Nomura Asset Management (AM) aims to at least double its assets under management (AUM) in the Asia region within the next few years.
This is according to Terence Lam, head of distribution for Asia ex-Japan at Nomura AM, who told a media briefing in Hong Kong that the firm hopes to achieve a more equal split between the firm’s retail, wholesale and institutional business in Asia.
As part of the asset manager’s global growth ambitions, Lam laid out the firm’s intentions to increase its presence among retail investors in Hong Kong and build more partnerships with local distributors.
He also revealed that Nomura AM plans to increase its headcount in the city within distribution, client servicing and marketing. The firm chose not to disclose its current AUM in Asia.
Nomura’s investment management division recently crossed $651bn in AUM globally, according to a statement from the firm in late October.

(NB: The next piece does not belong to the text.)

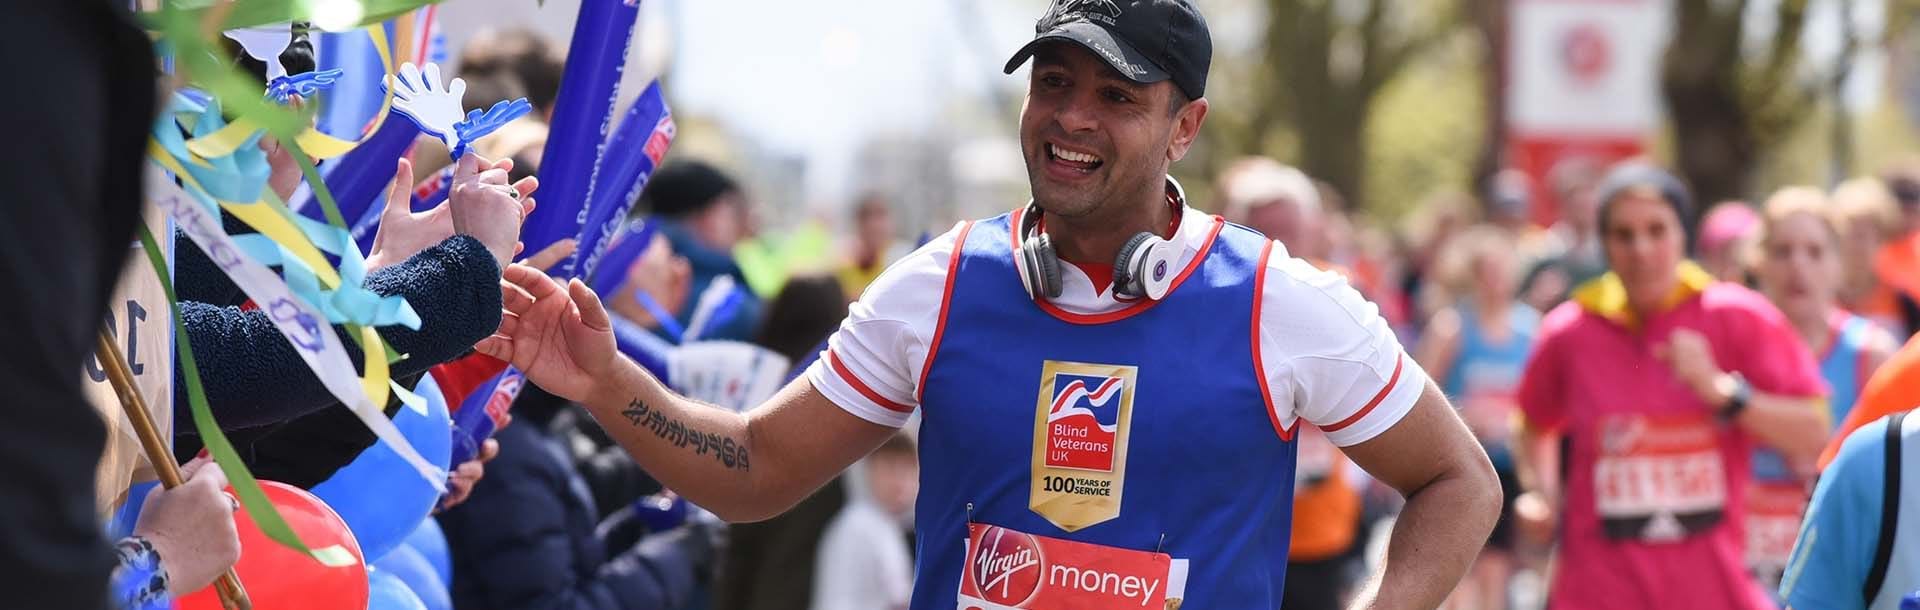 Charity supporter Dominic smiling as he runs along a crowd, wearing a Blind Veterans UK vest and holding his hand out to wave as he passes

“I’m confident in our investment capabilities,” Lam said, while also highlighting the need to increase its brand awareness and pointed to the roll out of advertisements throughout the city of Hong Kong.
Nomura AM launched three equity and two fixed income funds in Hong Kong in April this year.
Executives from the firm told FSA in May it plans to launch more Ucits funds for the Hong Kong retail market as part of its growth ambitions.
“Hong Kong is a very important market for us,” said Kenichi Suzuki, head of the global business unit at Nomura AM.